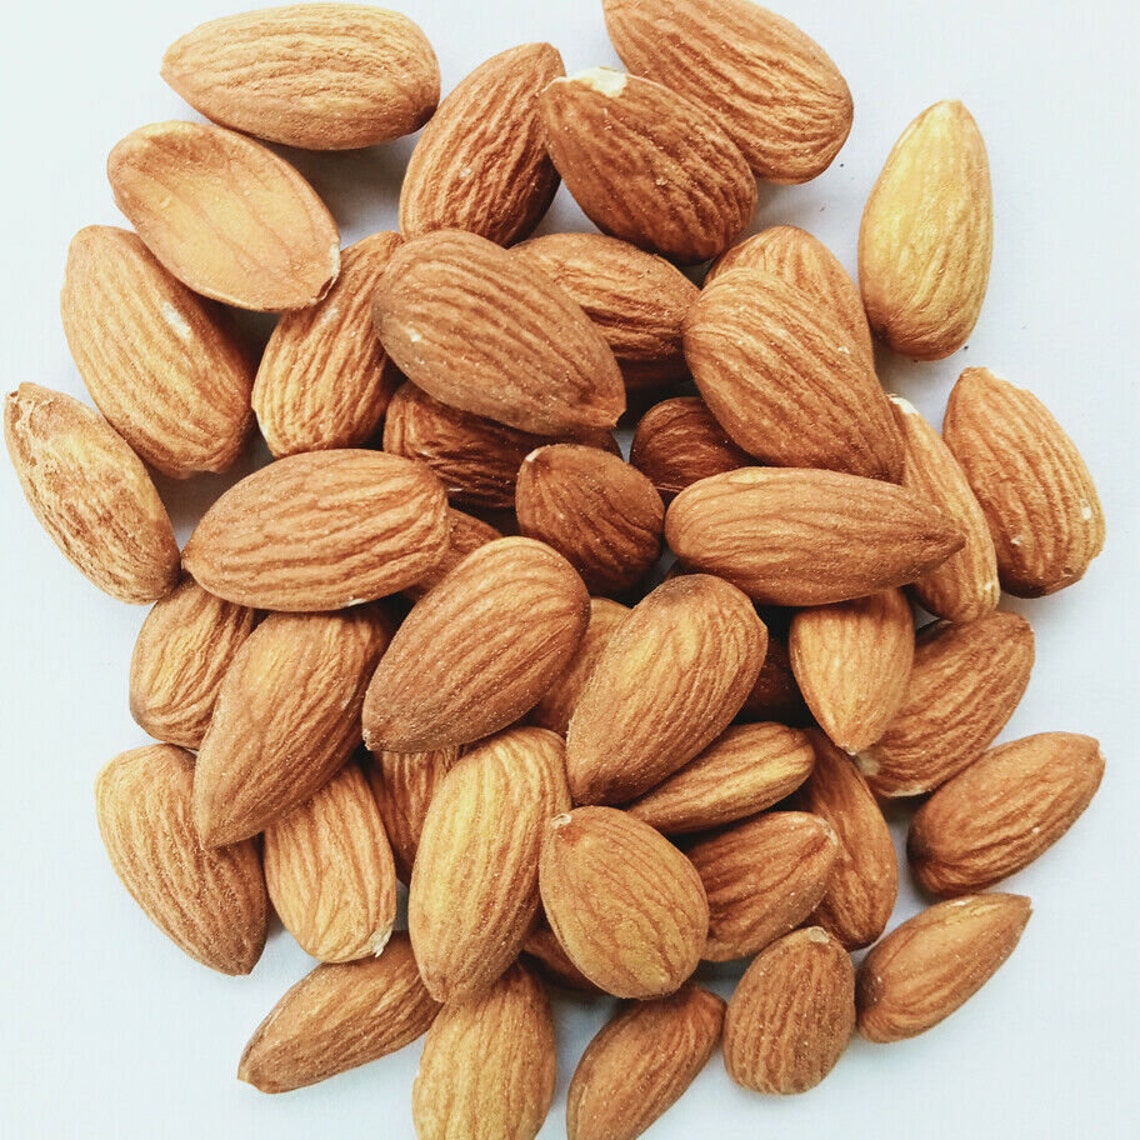 100 Organic Almonds Natural Whole Shelled Unsalted From Etsy Uk
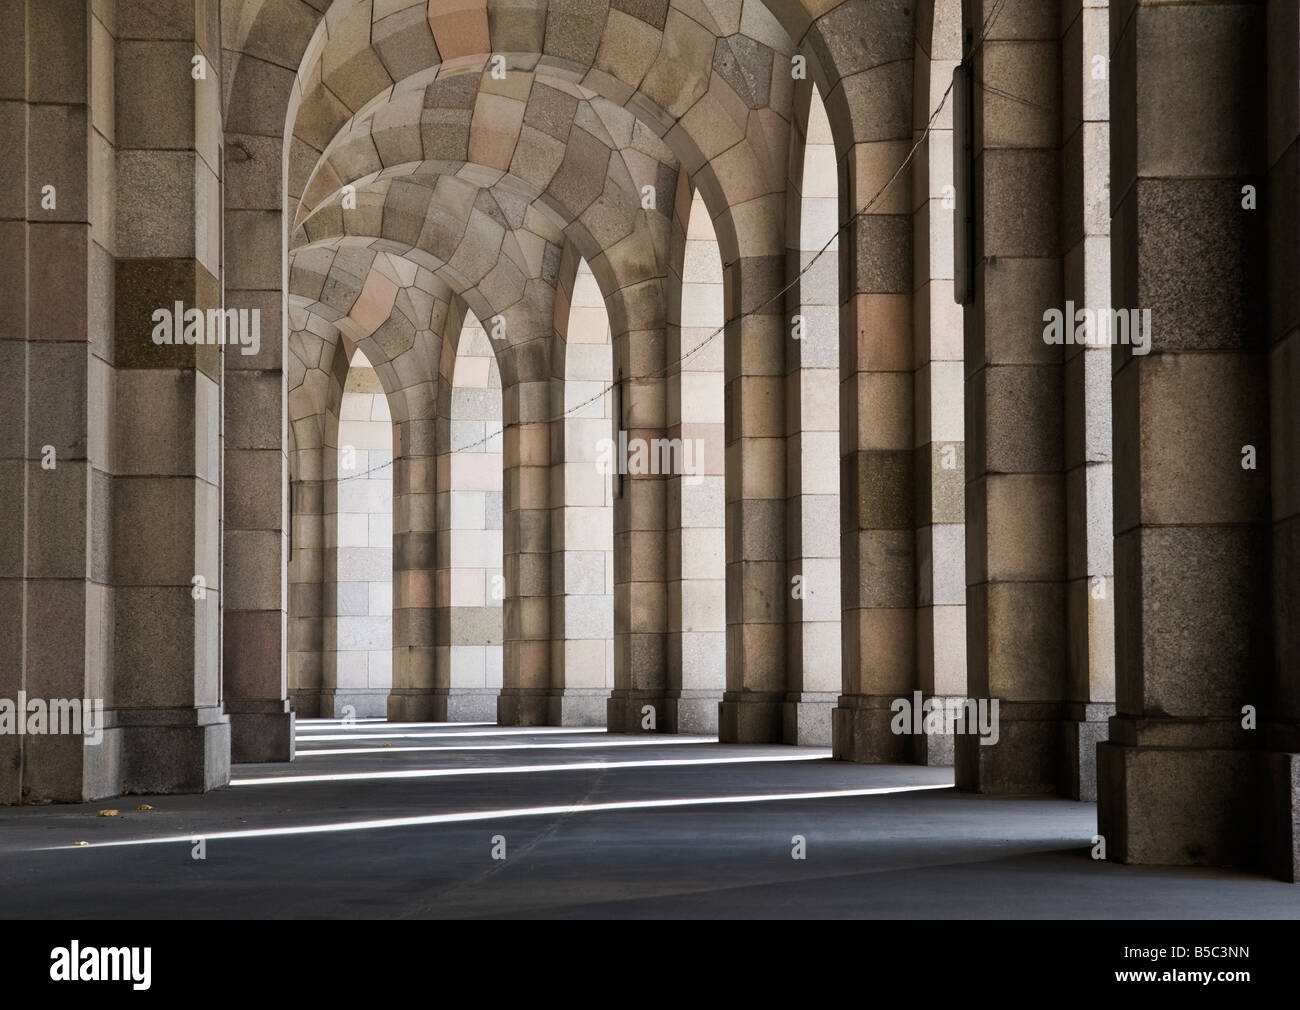 Arcade walkway at the Congress Hall at the old nazi party rally grounds Nuremberg, Germany Stock Photo
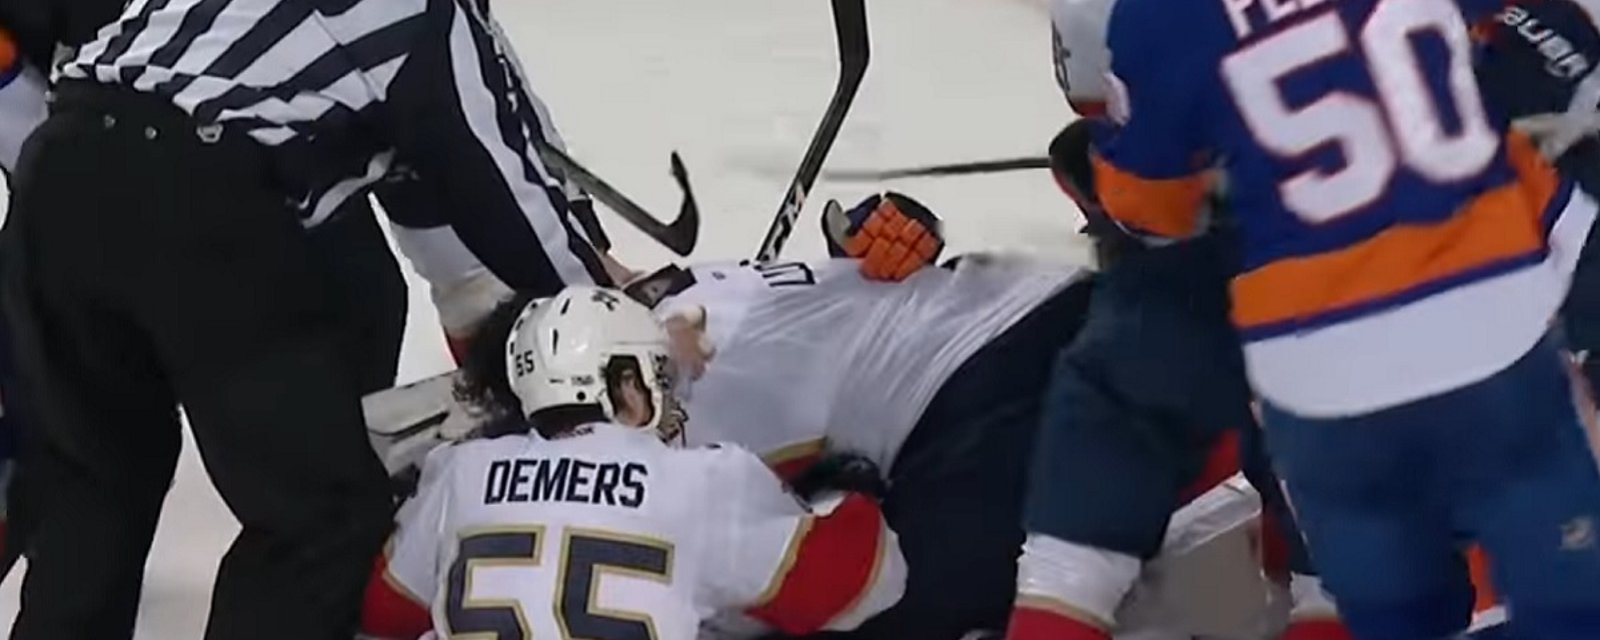 Roberto Luongo loses his cool and goes after Cizikas on Wednesday night!
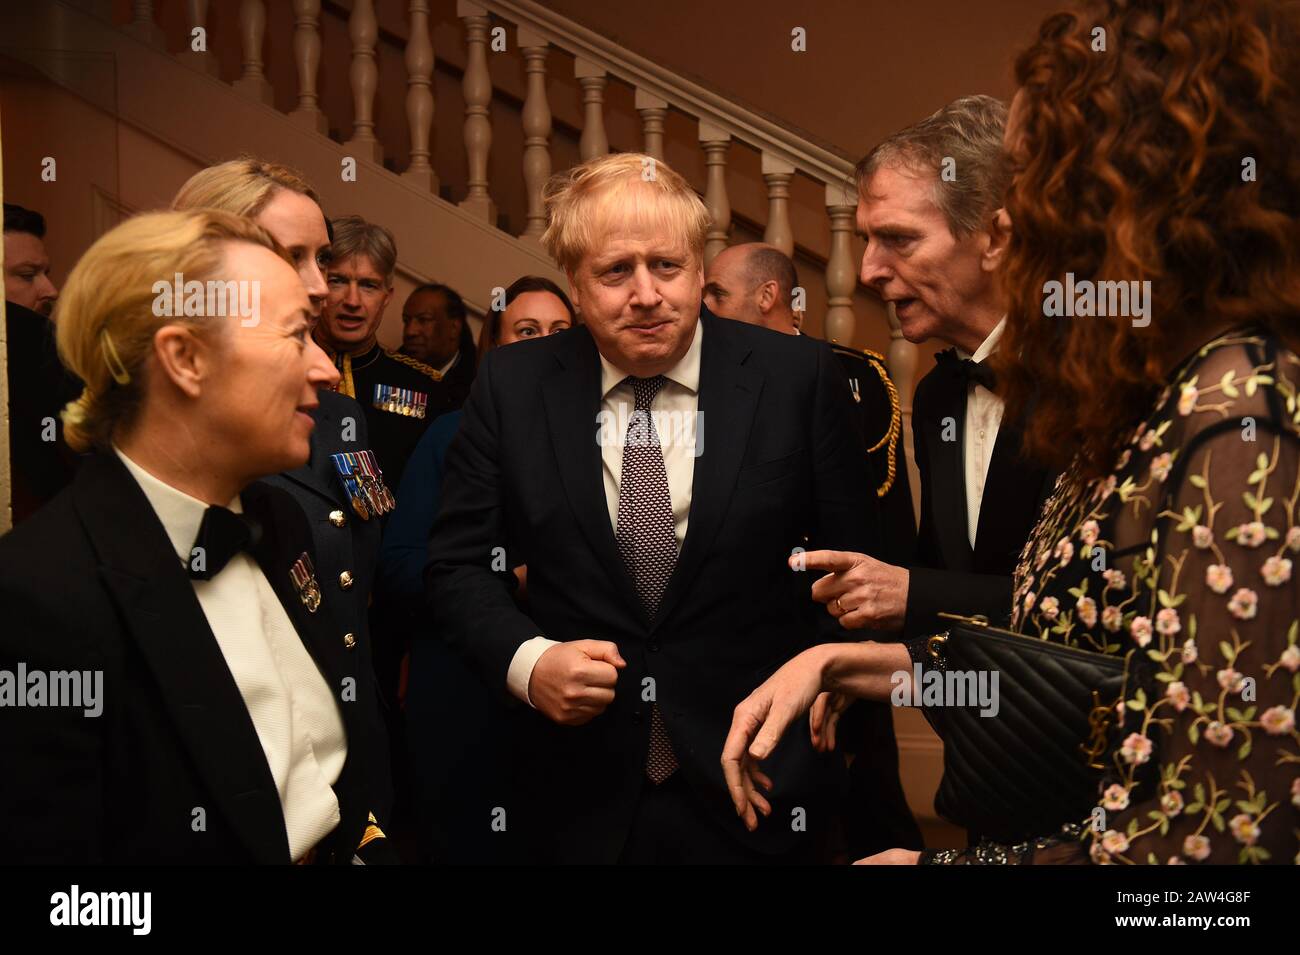 Rebekah Brooks (right) Chief Executive of News UK and Tony Gallagher Editor in Chief, The Sun (second right) with Prime Minister Boris Johnson as he arrives for The Sun Military Awards 2020 held at the Banqueting House, London. PA Photo. Picture date: Thursday February 6, 2020. Photo credit should read: Kirsty O'Connor/PA Wire Stock Photo

########

Assignment:
Emit the lines of the data above from the one containing "Roberto Luongo loses" through its final line, both endpoints included. Pictures do not belong in the output.

The completed task:
 Roberto Luongo loses his cool and goes after Cizikas on Wednesday night!
 Rebekah Brooks (right) Chief Executive of News UK and Tony Gallagher Editor in Chief, The Sun (second right) with Prime Minister Boris Johnson as he arrives for The Sun Military Awards 2020 held at the Banqueting House, London. PA Photo. Picture date: Thursday February 6, 2020. Photo credit should read: Kirsty O'Connor/PA Wire Stock Photo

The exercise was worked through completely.